Redcoat bats quiet in state title game

The No. 2 Berlin Redcoats met up with the top-seeded Daniel Hand Tigers Saturday night to play for the CIAC Class L state baseball championship surrounded by a sea of fans on a warm summer night.

Unfortunately for the Redcoats, they matched up against Hand hurler David Antonetti, who allowed only one hit and two walks en route to a 3-0 Tigers win at Palmer Field in Middletown.

The Berlin lineup was made up of seven right-handed hitters, giving Antonetti a slight advantage. The junior was able to snap the curveball inside on those righties, which was effective from the first to the seventh inning. The Redcoats were frozen by that curveball, which found the inside corner for called strikes several times.

There were a few hard-hit balls against Antonetti, but the Hand defense had his back. The Tigers did not commit a single error. 

“You saw (senior center fielder Colin Telford) out here tracking down everything,” Antonetti said. “He saved me like four runs and a ton of hits. The no errors is the biggest thing, and I just have all the faith in the world in them that they’re going to make the play.”

The Redcoats, however, had a couple miscues in the field that cost them.

With the game a scoreless affair, Hand senior third baseman Anthony Depino singled to begin the bottom of the fourth. With one runner on, senior shortstop Jack Pireaux then hit a sharp comebacker that senior pitcher Connor Gileau fielded cleanly. But junior first baseman Kasey Oullette received the toss away from the bag, and all runners were safe.

Gileau hit the next batter, which loaded the bases with no one out. After a sacrifice opened up the scoring, junior second baseman Evan Mastrobattisto hit a line drive into the left-center gap. The shot got by junior center fielder Jamie Palmese, allowing two more runs to score, making it a 3-0 ballgame – the final tally.

Berlin coach Leo Veleas emphasized that pitching and defense is how you win games, but the lack of offense was the Redcoats’ undoing on this day.

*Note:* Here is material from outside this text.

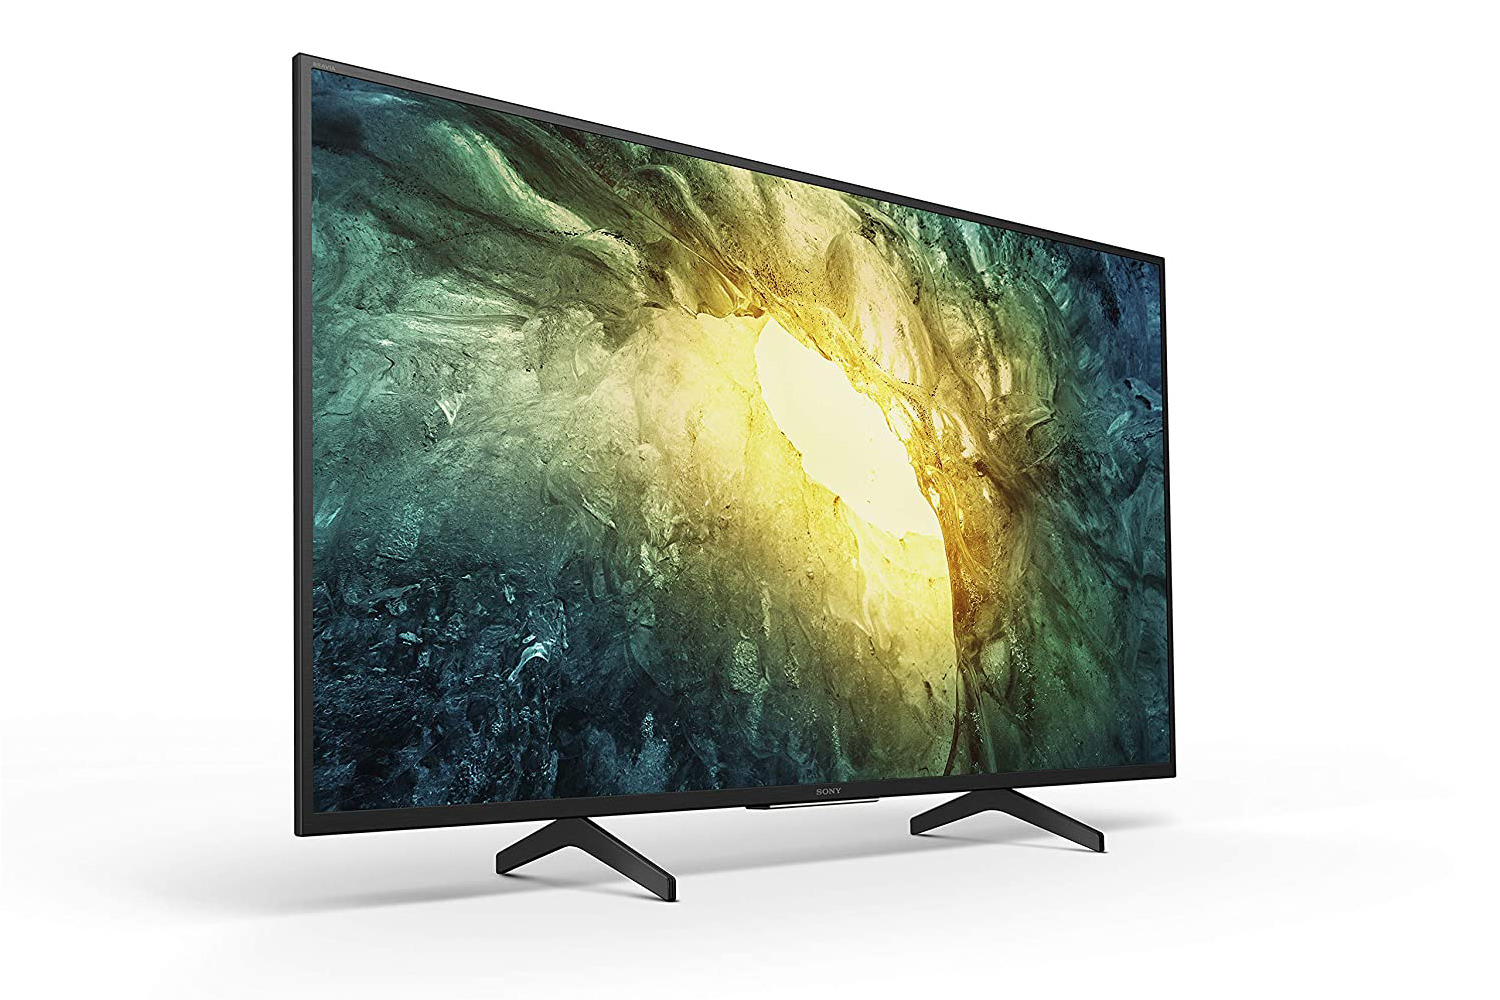 قیمت تلویزیون سونی X7577H مدل 55 اینچ + مشخصات
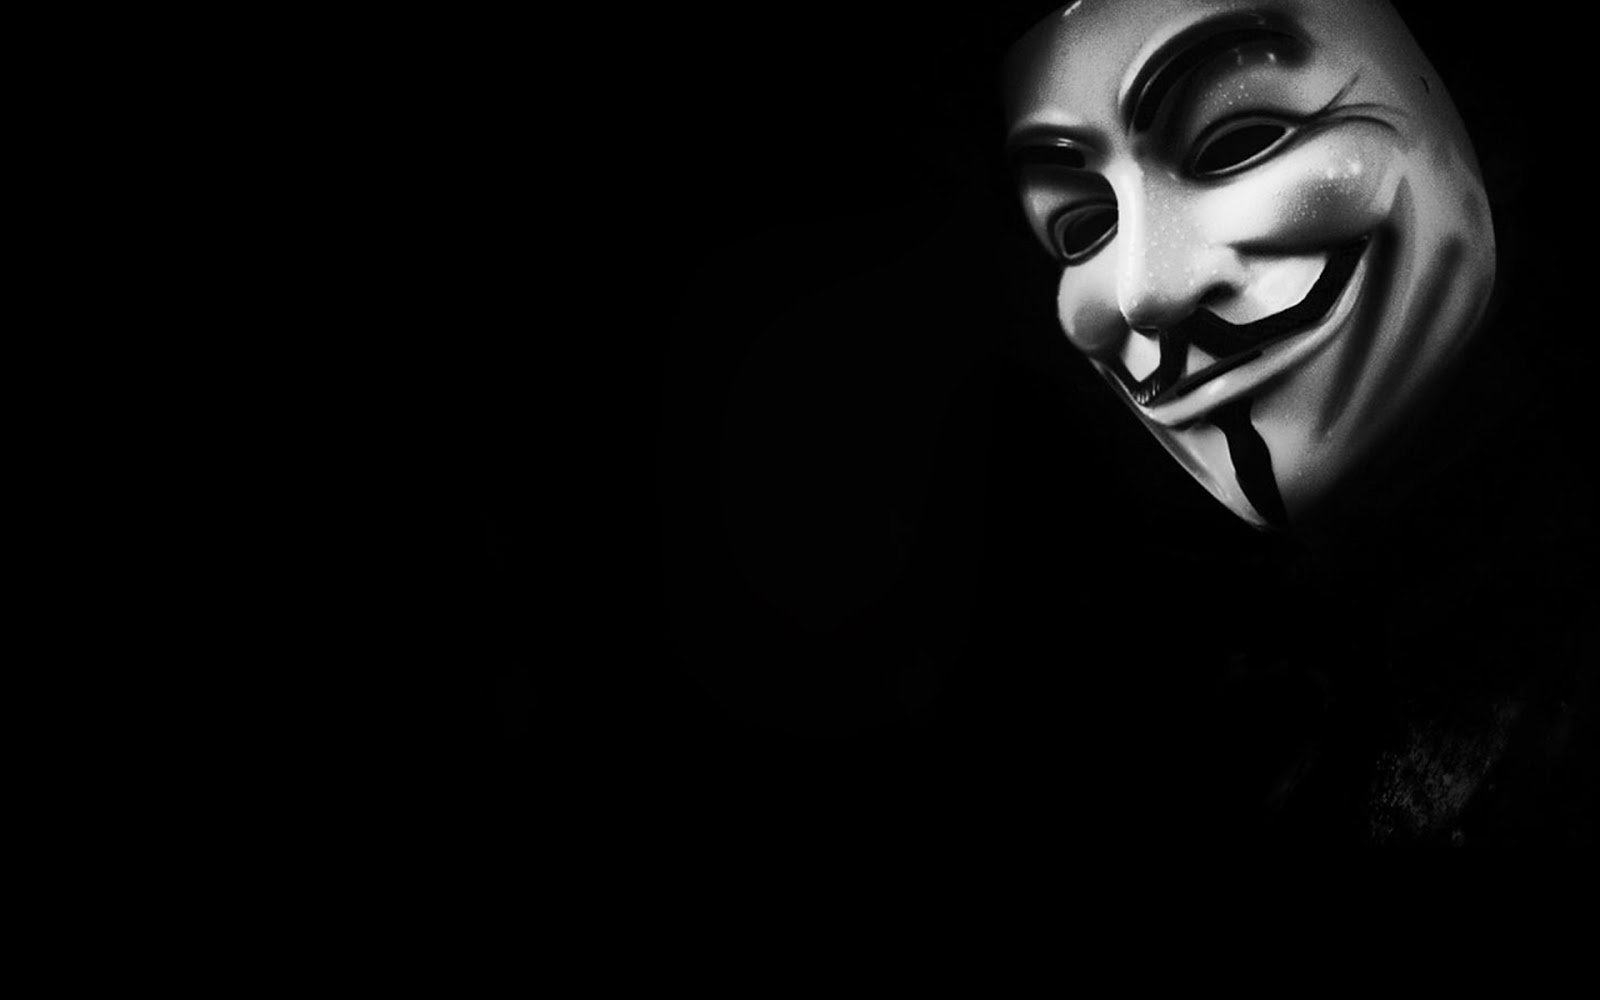 hacker wallpaper hd 1366x768,black,face,facial expression,darkness,head

“If we get a few hits here and there, who knows,” the veteran coach said. “It is what it is. One hit ain’t gonna get it done, I don’t care who you play for.”

“You can pitch as good as you want, you don’t score any runs, you ain’t gonna win,” said Veleas. “Simple as that.” 

Outside that fateful fourth inning, Gileau allowed only three baserunners. He was rather efficient as well, resulting in him pitching all six defensive innings for the Redcoats.

Gileau did his job, but his counterpart was just too tough. Through the first four innings, Antonetti threw only 38 pitches and retired all but one batter – Palmese, who singled up the middle.

Of the 13 batters Berlin sent to the plate in those four innings, only two saw more than four pitches in a single at-bat. Antonetti’s only two walks came in the final inning, when he had thrown 60-plus pitches.

Antonetti was caught by Chris Engelhart.

“I want to make sure to give Chris credit,” Hand coach Travis Lapointe said. “He’s as much of our pitching staff as our pitchers are, because he calls a great game. They made that adjustment, they found what was available to them, and he just hit the spot all day.”